• [Exercise aim]
Reproduce the listing word for word, leaving every picture behind.

• [Dataset excerpt]
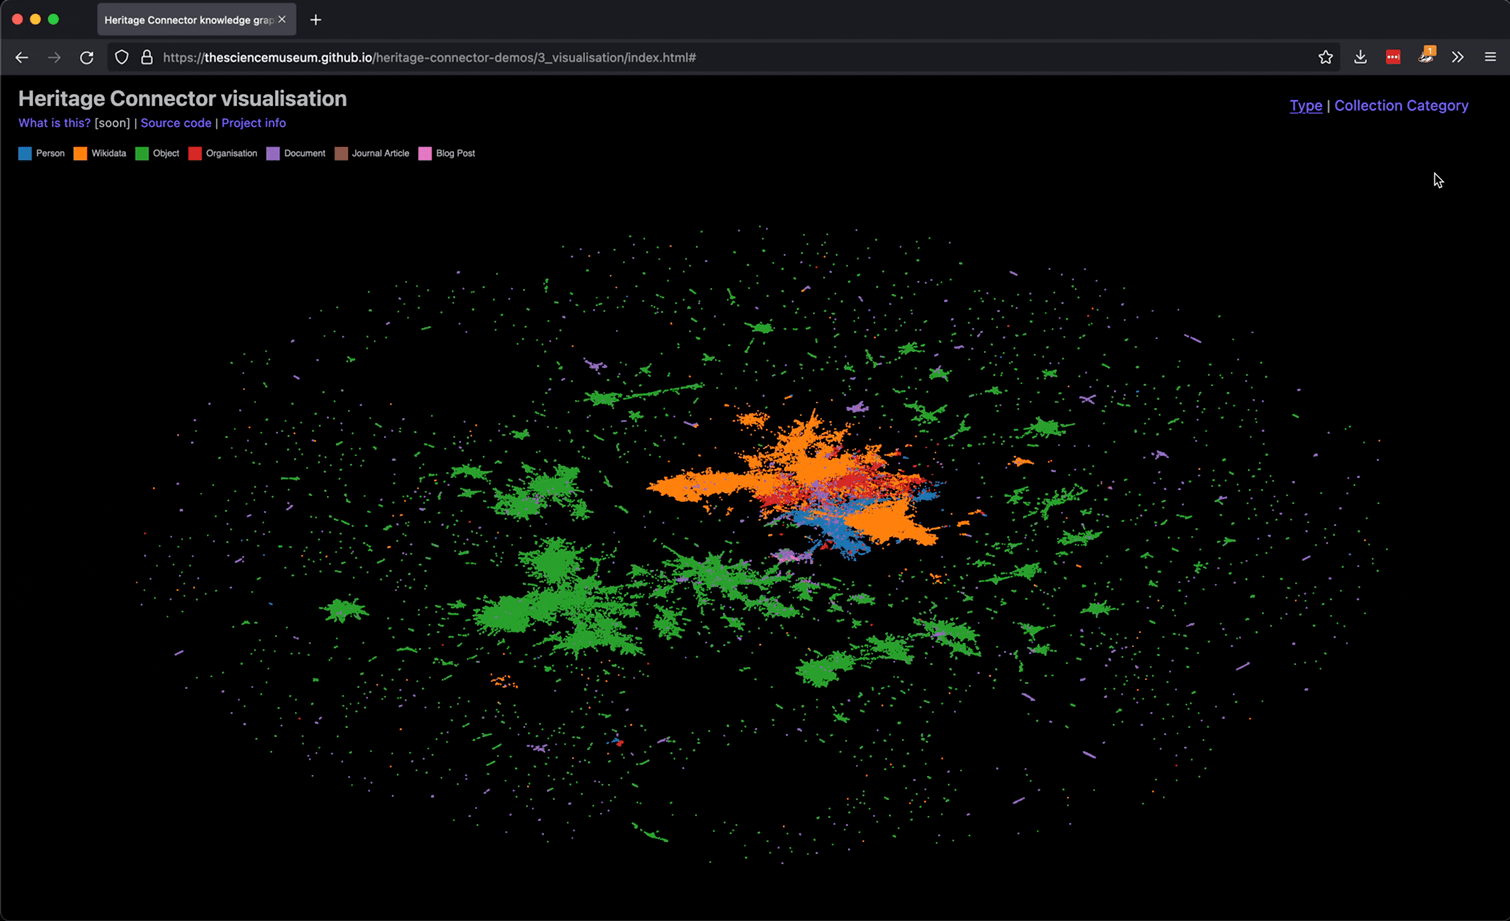 Animated screenshot of Heritage Connector visualisation
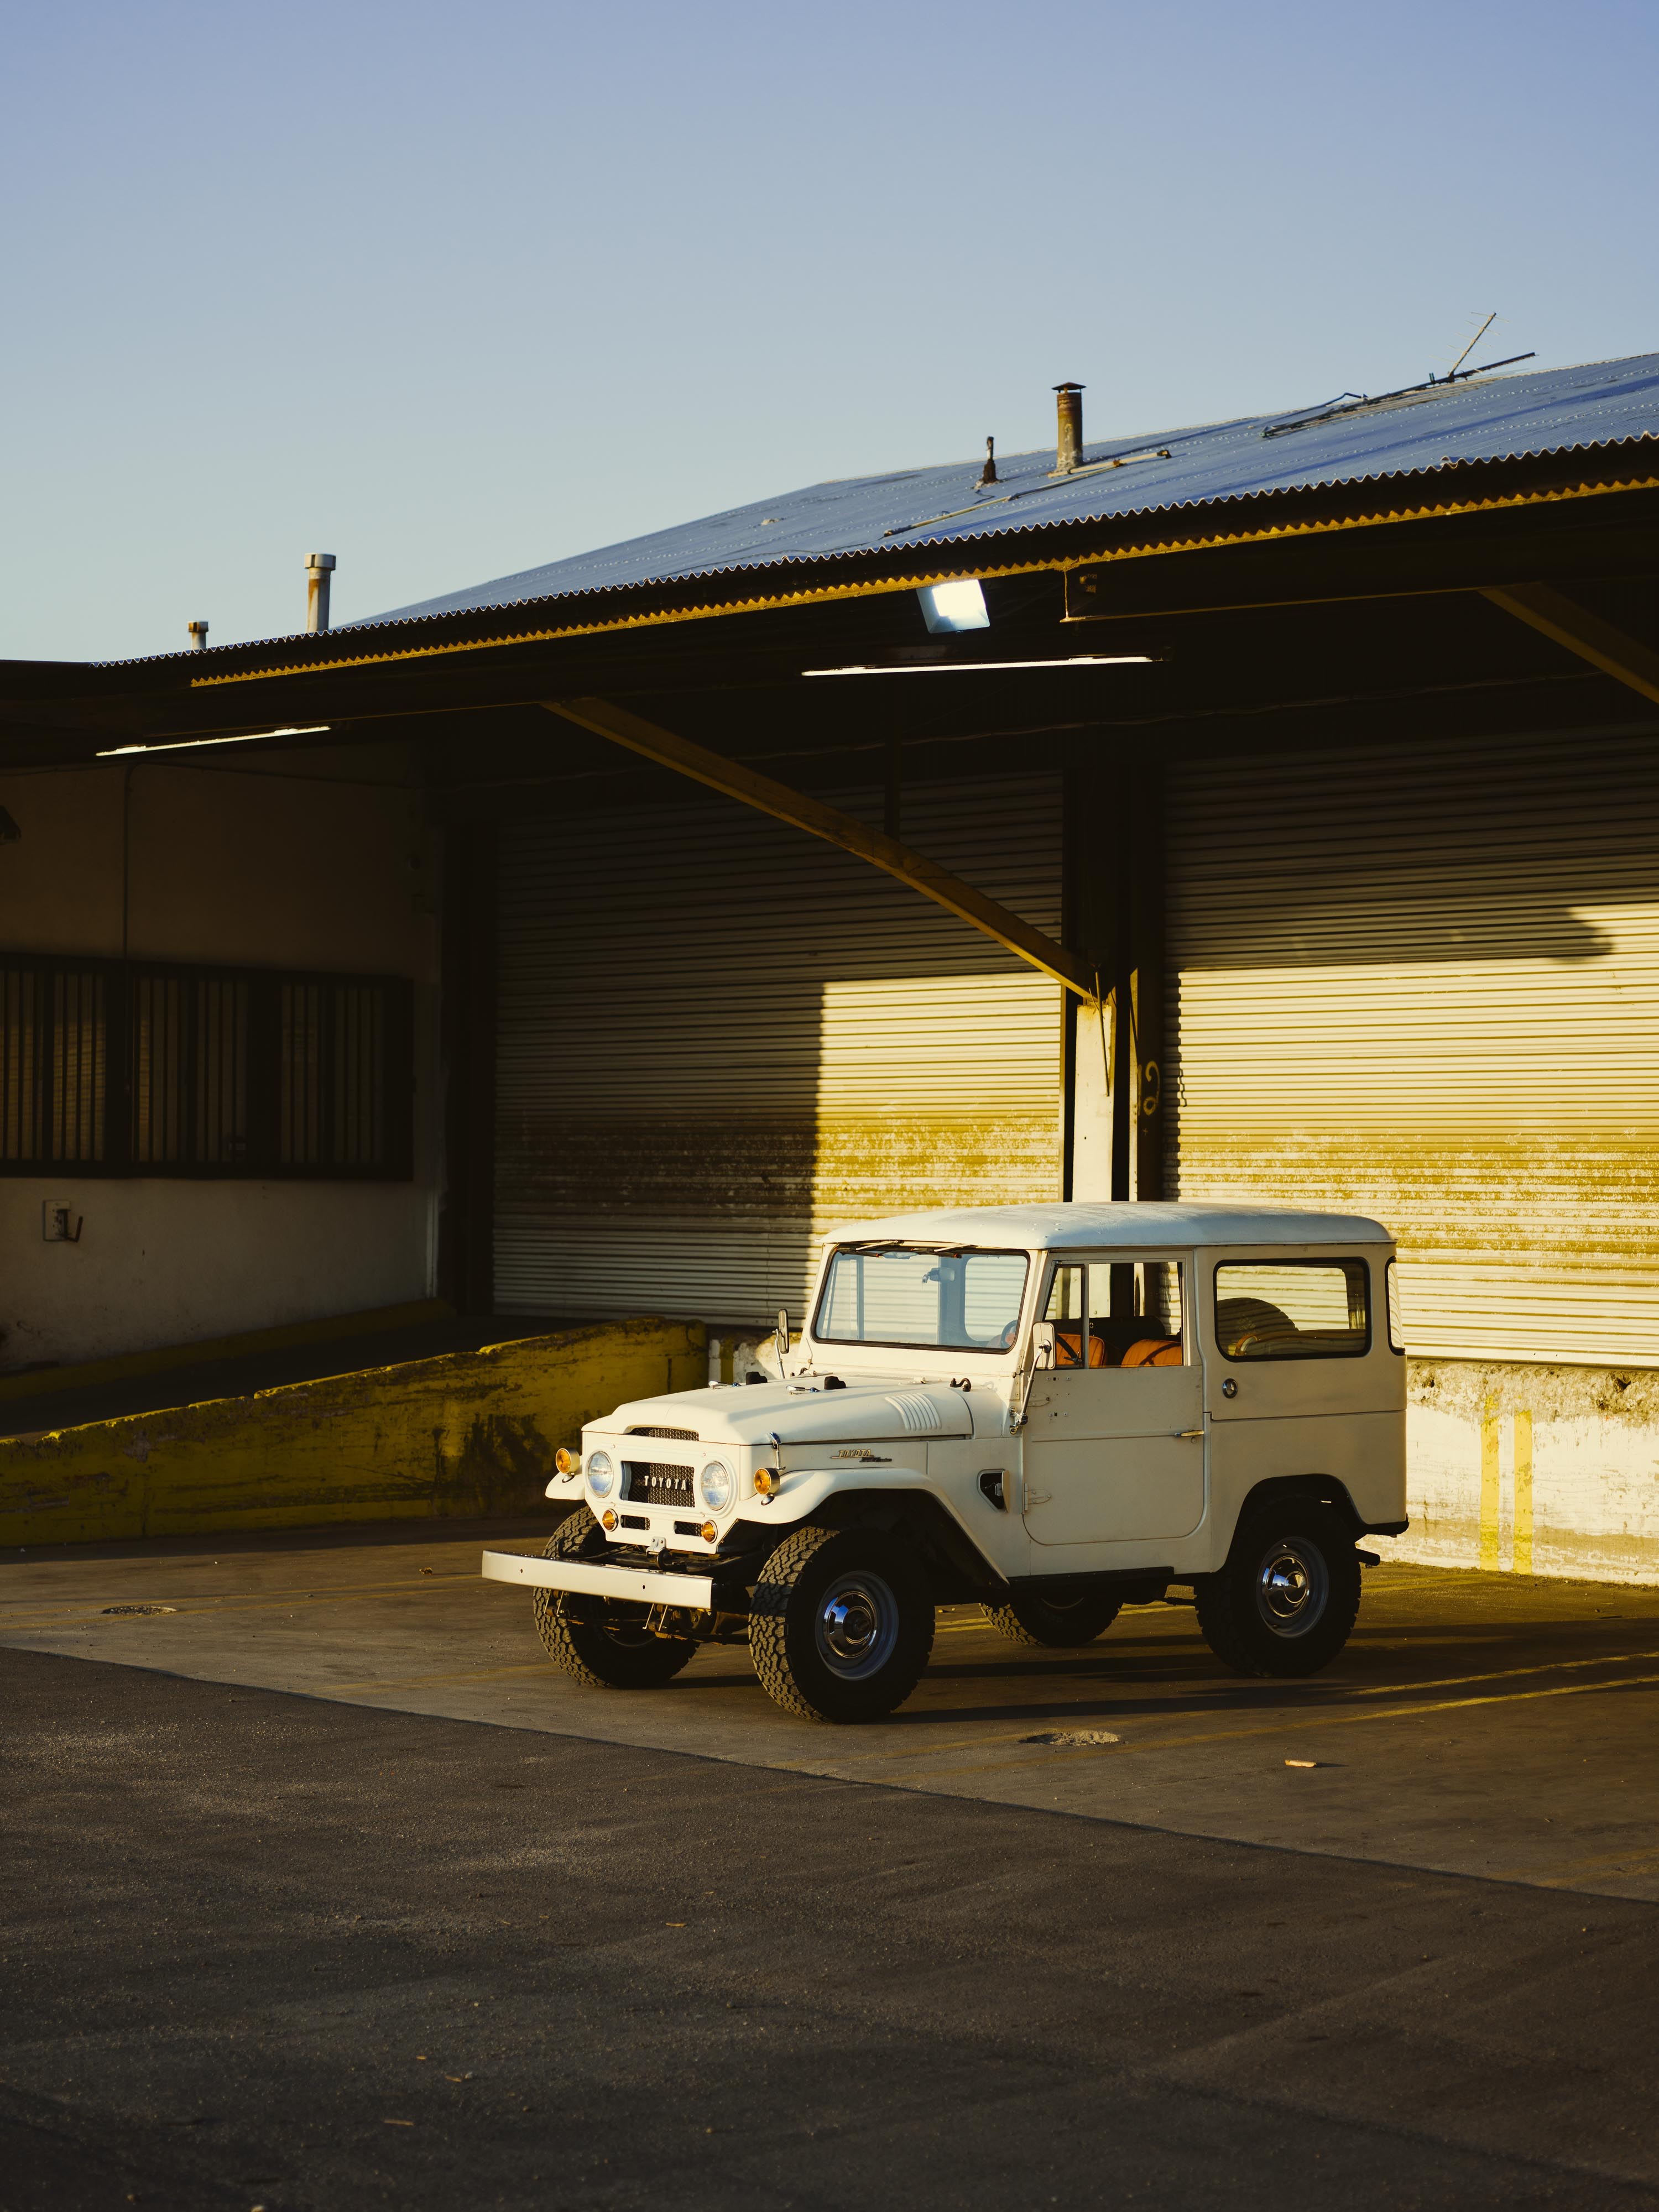 Jeff Stockwell | Film style photography of Vintage Cars in Los Angeles, CA 
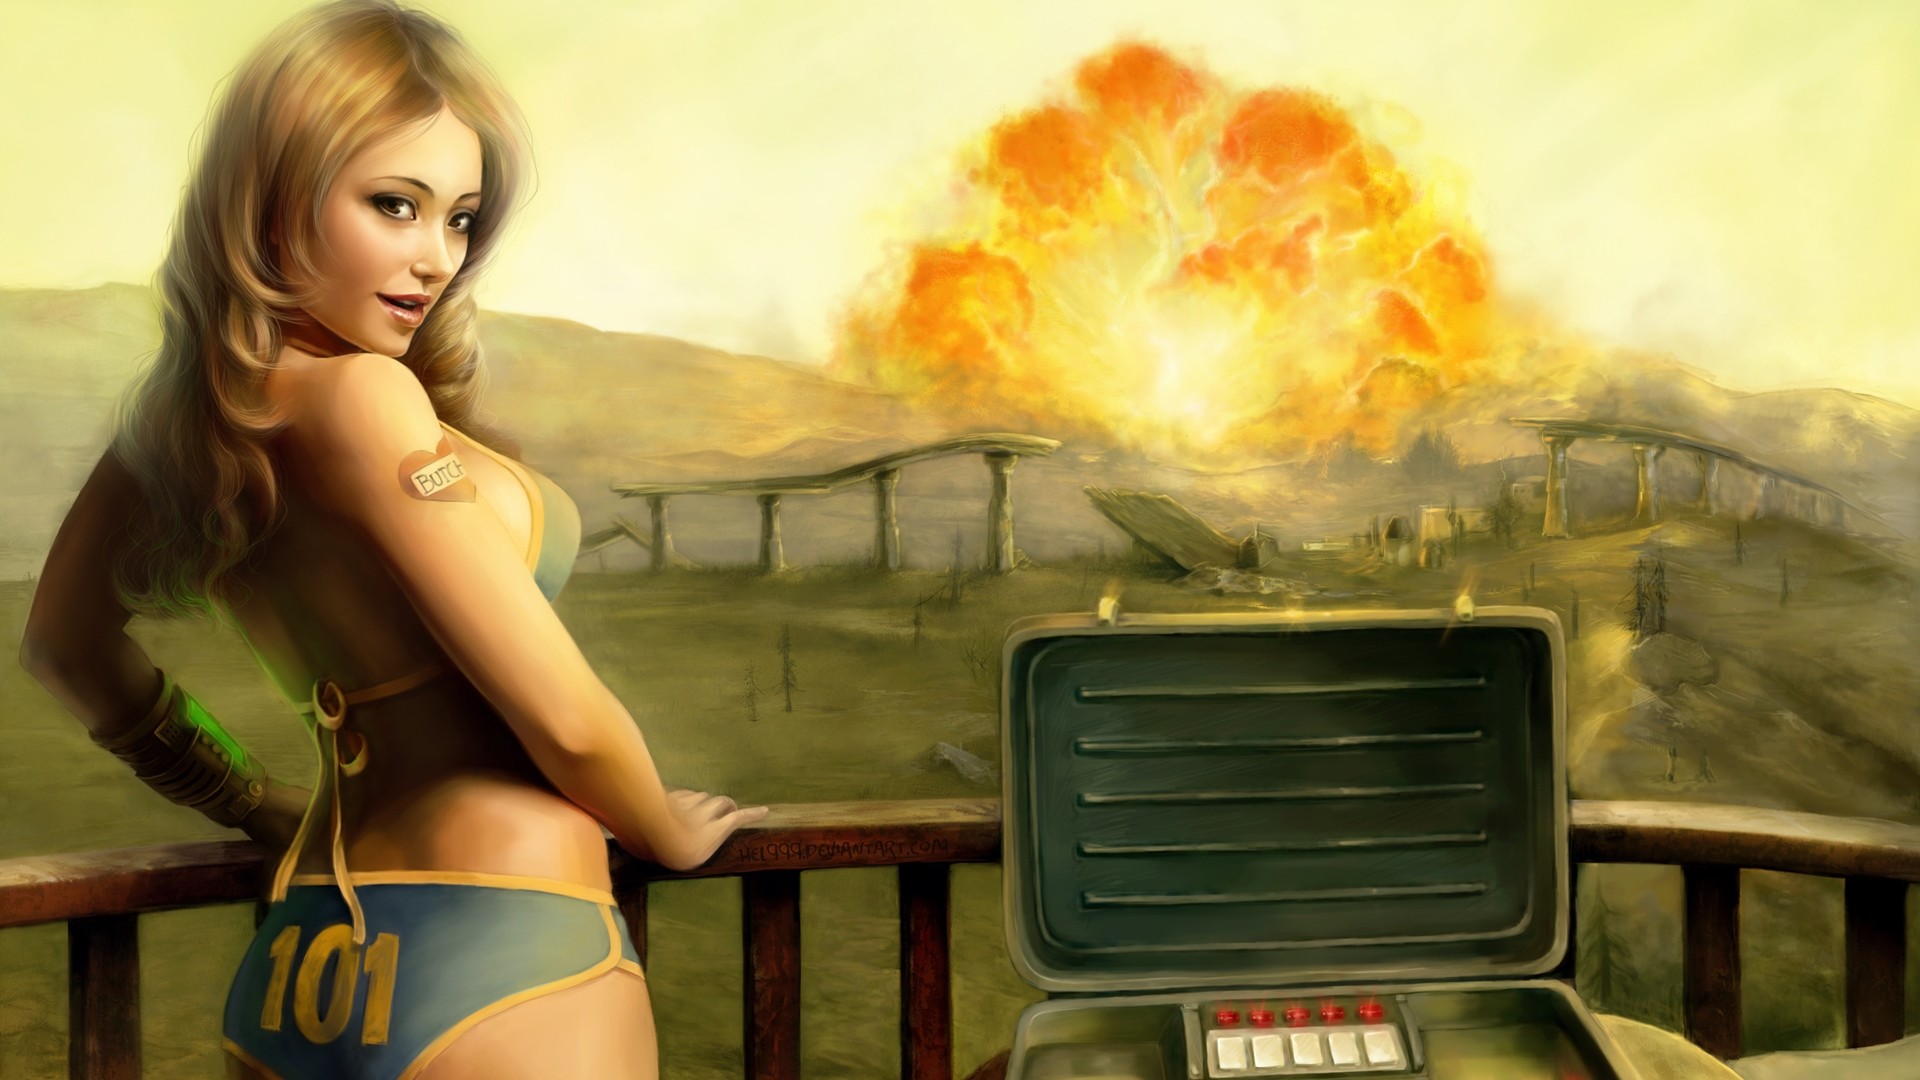 1920x1080 car wallpaper hd for iphone 5 7 | Fallout 4 ...

• [Expected answer]
 Animated screenshot of Heritage Connector visualisation
 Jeff Stockwell | Film style photography of Vintage Cars in Los Angeles, CA 
 1920x1080 car wallpaper hd for iphone 5 7 | Fallout 4 ...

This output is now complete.